Retinal neovascularization was induced in oxygen-induced retinopathy in wild-type and alphaB-crystallin knockout (alphaB(-/-)) mice. Fluorescein angiography, histopathology, immunohistochemistry using antibodies for VEGF-A, phosphorylated alphaB-crystallin (pSer59), CD105, NG-1, VEGF-R2 antibodies, and TUNEL were performed in murine eyes at postnatal day 12 and 17 after exposure to hyperoxia. VEGF concentration and gene expression were analyzed by ELISA and real-time PCR in proteins and RNA extracted from posterior eyecups in treated mice, respectively. Expression of alphaB-crystallin, pSer59 and hypoxia-inducible factor (Hif)-1alpha were analyzed by Western blot, and VEGF binding to alphaB-crystallin in posterior eyecups was determined by immunoprecipitation.
Retinal neovascularization was prominently attenuated in alphaB(-/-) mice compared to wild-type mice as evaluated by fluorescein angiography and histopathology. Gene expression of VEGF, and Hif-1alpha and pSer59 protein expression were induced during retinal angiogenesis, but VEGF protein expression remained low in alphaB(-/-) retina compared with wild-type mice. Immunoprecipitation revealed alphaB-crystallin binding to VEGF during angiogenesis in wild-type mice.

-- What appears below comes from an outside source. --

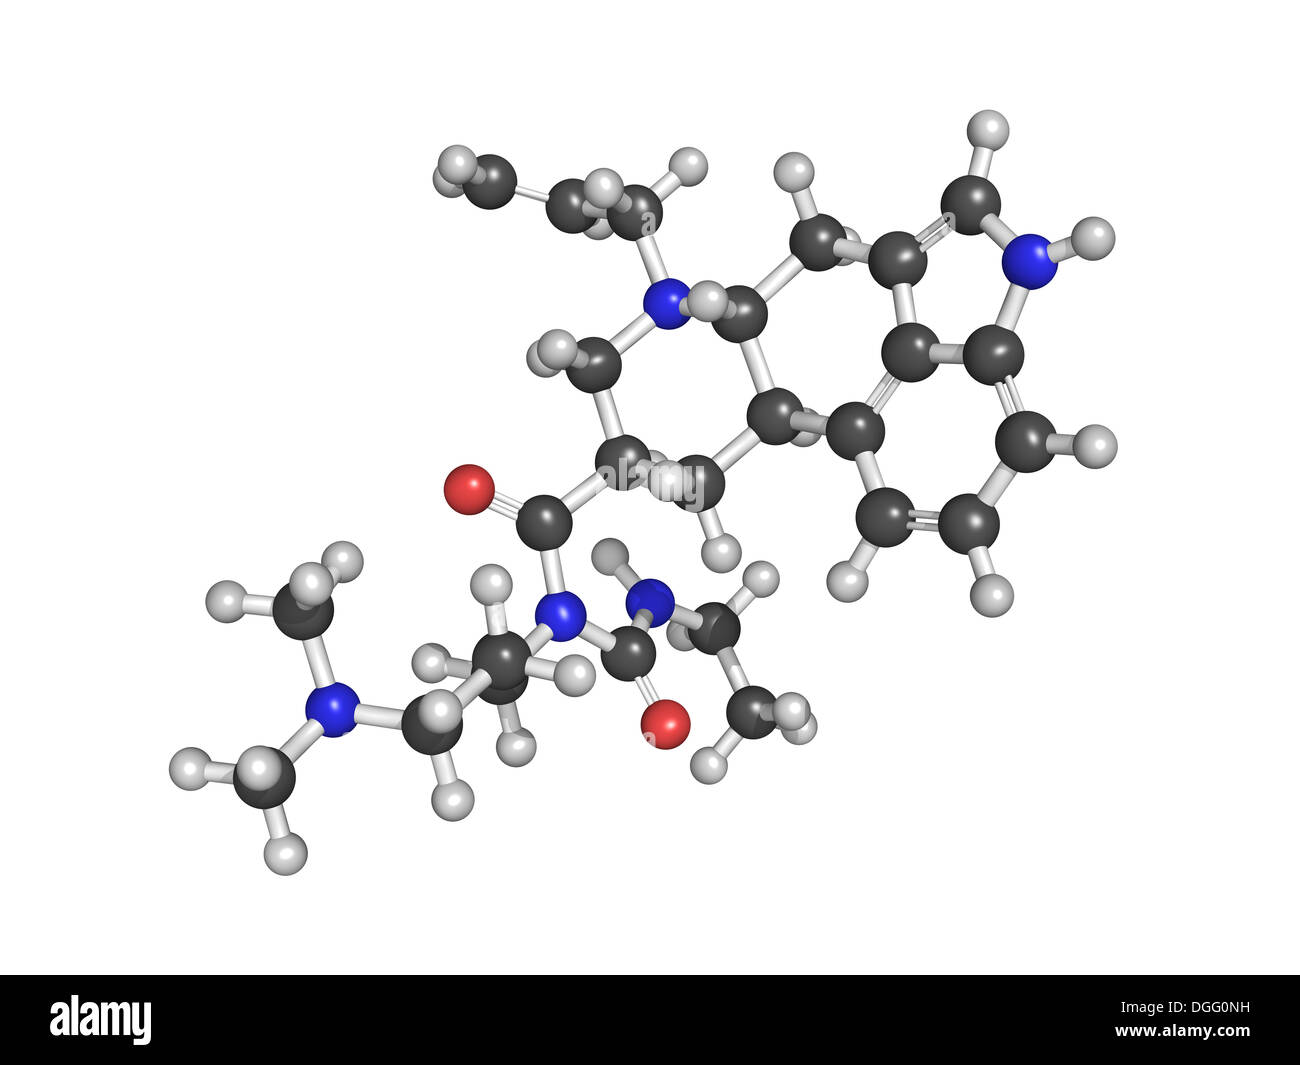 Cabergolin Droge, chemische Struktur. In Parkinson und anderen Erkrankungen verwendet. Stockfoto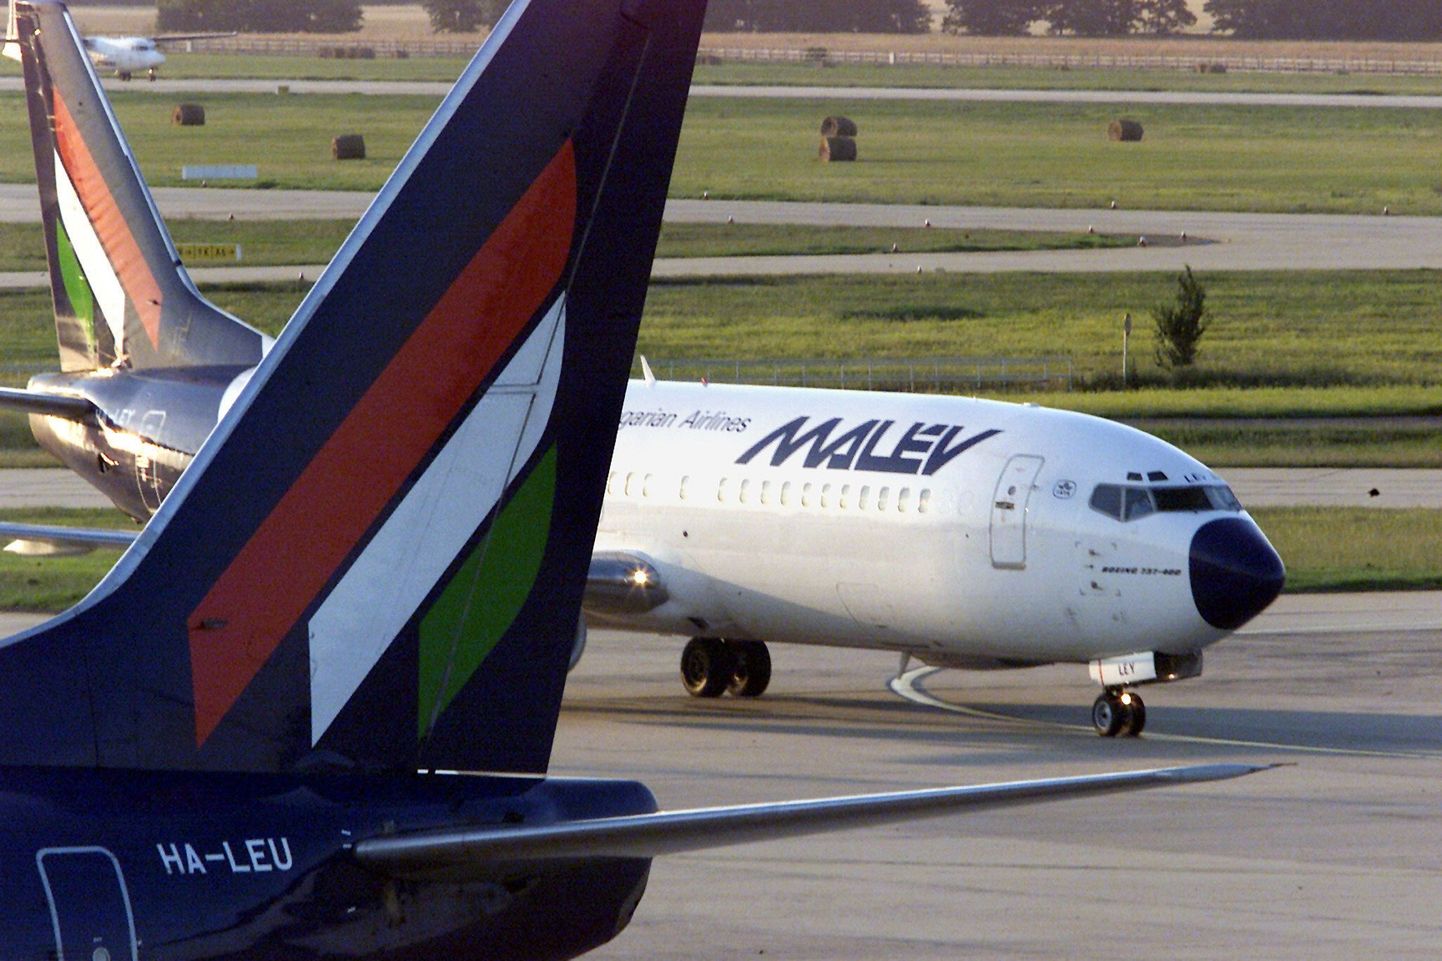 Ungari lennukompanii Malev lennuk Budapesti lennuväljal.

Immunoreactivity for CD105 was high in neovessels of wild-type mice, while NG-1 and VEGF-R2 expressions were similar in wild-type and alphaB(-/-) retinas. Endothelial cell apoptosis in newly formed vessels was significantly greater in alphaB(-/-) than in wild-type mice.
Our studies point to the important role of alphaB-crystallin in retinal angiogenesis and its potential as a therapeutic target; attenuation of angiogenesis in alphaB(-/-) mice might be mediated by downregulation of VEGF through posttranslational mechanisms.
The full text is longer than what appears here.